Originally Posted by hopkins802 (Post 43043)
That's great, thanks! Would you recommend having Windows 7 on it's own SSD, and then my editing programs on another SSD, and then another for my scratch disk?

Windows 7 and your programs can reside on one SSD, that's usually the standard. Once the program loads into memory it starts quickly when you exit out. You could use a second SSD for scratch and a cache drive.

lordsmurf 03-27-2016 10:39 PM

I'd rather see a single SSD than two small ones.

sanlyn 03-28-2016 03:39 AM

The experience of many PC builders is that SSD speeds up initial random seek and read. But has no effect on processing, which is a CPU and system bus matter. Opening your encoder app and finding a file might be faster, but not much will change after that.

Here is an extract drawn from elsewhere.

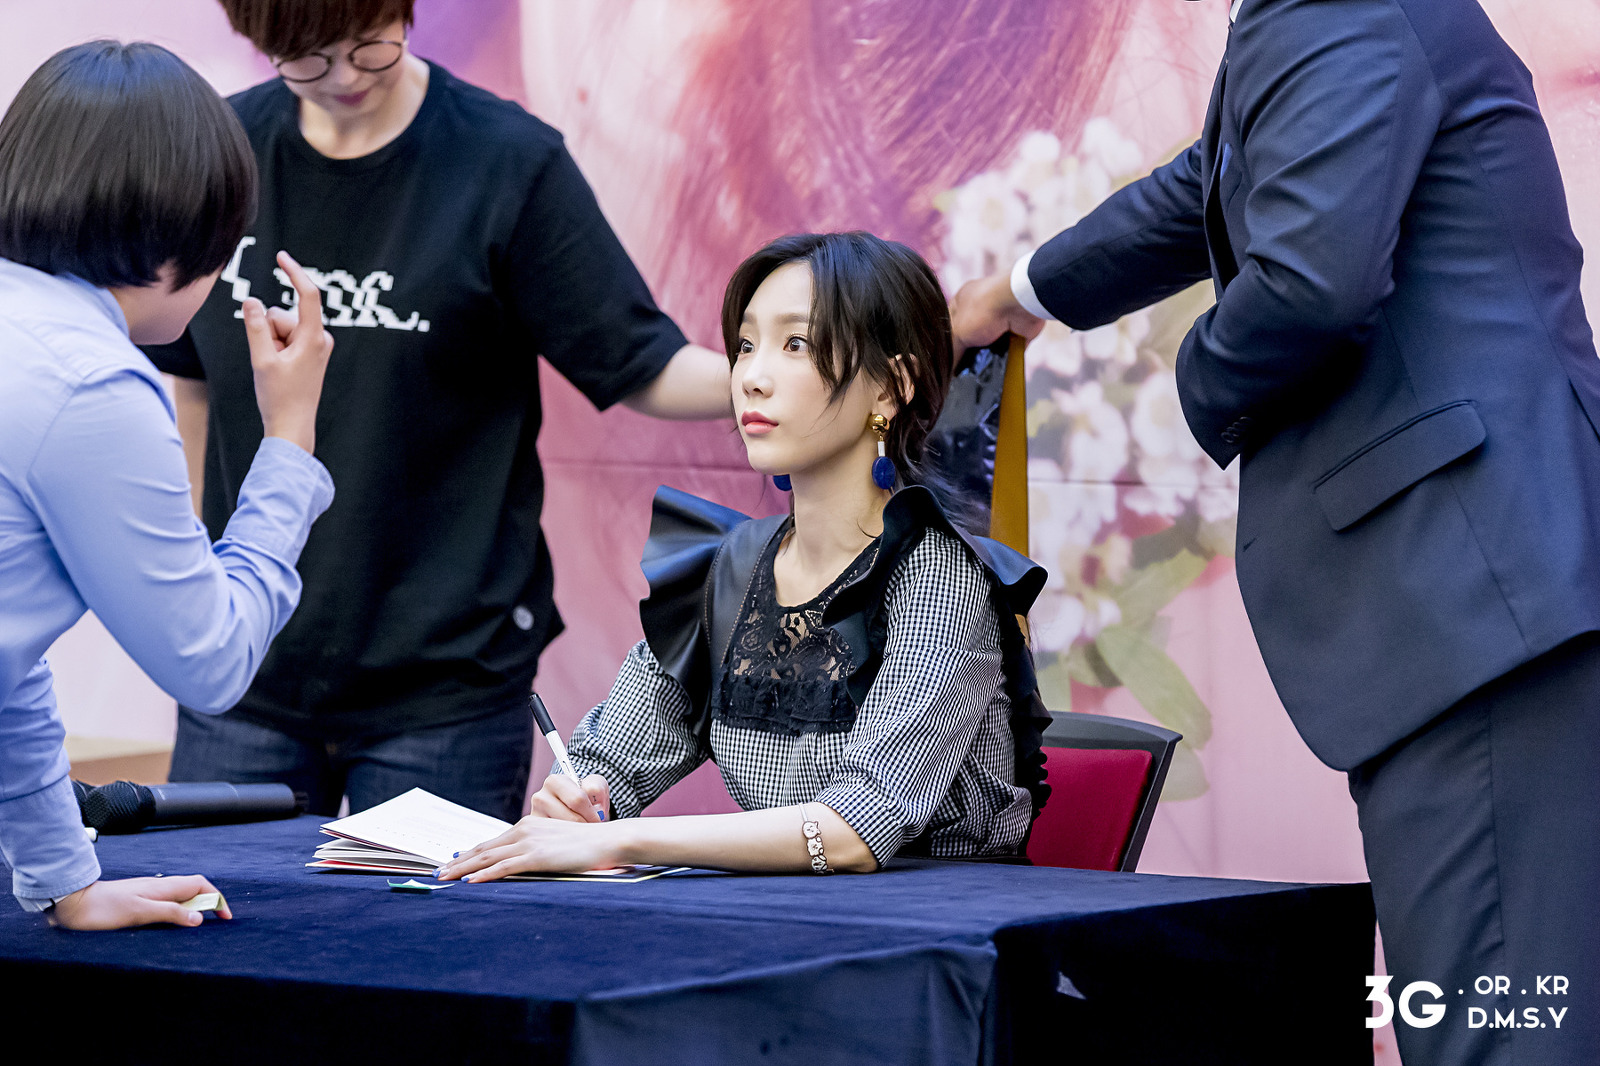 [PIC][16-04-2017]TaeYeon tham dự buổi Fansign cho “MY VOICE DELUXE EDITION” tại AK PLAZA vào chiều nay  - Page 5 227A574558FDD8F01D1899

hopkins802 03-28-2016 08:15 AM

Good to know thanks. I'm not too worried about how fast programs start up, which I know the SSD's will help with anyway.

But I guess I should have included this in my initial post, I'm really trying to increase how smoothly 4k footage plays back in Premiere Pro. It was my thought that if it's able to cache to a faster disk, then it will playback smoother and perform better in general. Is this thought correct / on the right track?

Thanks

lordsmurf 04-26-2016 01:19 AM

After months of use: SSD sometimes makes a difference, sometimes not.

When an export has I/O as the bottleneck, not CPU, the SSD is probably 4x faster. But that's usually for something simple, such as "direct stream copy" (simple cut, no re-encode) exports from VirtualDub. That's to be expected, of course.

The bigger advantage is to properly set software to use all cores and buffer more in RAM.

Video rendering (preview, not encoding) has to go through the CPU as well, so SSD may not help.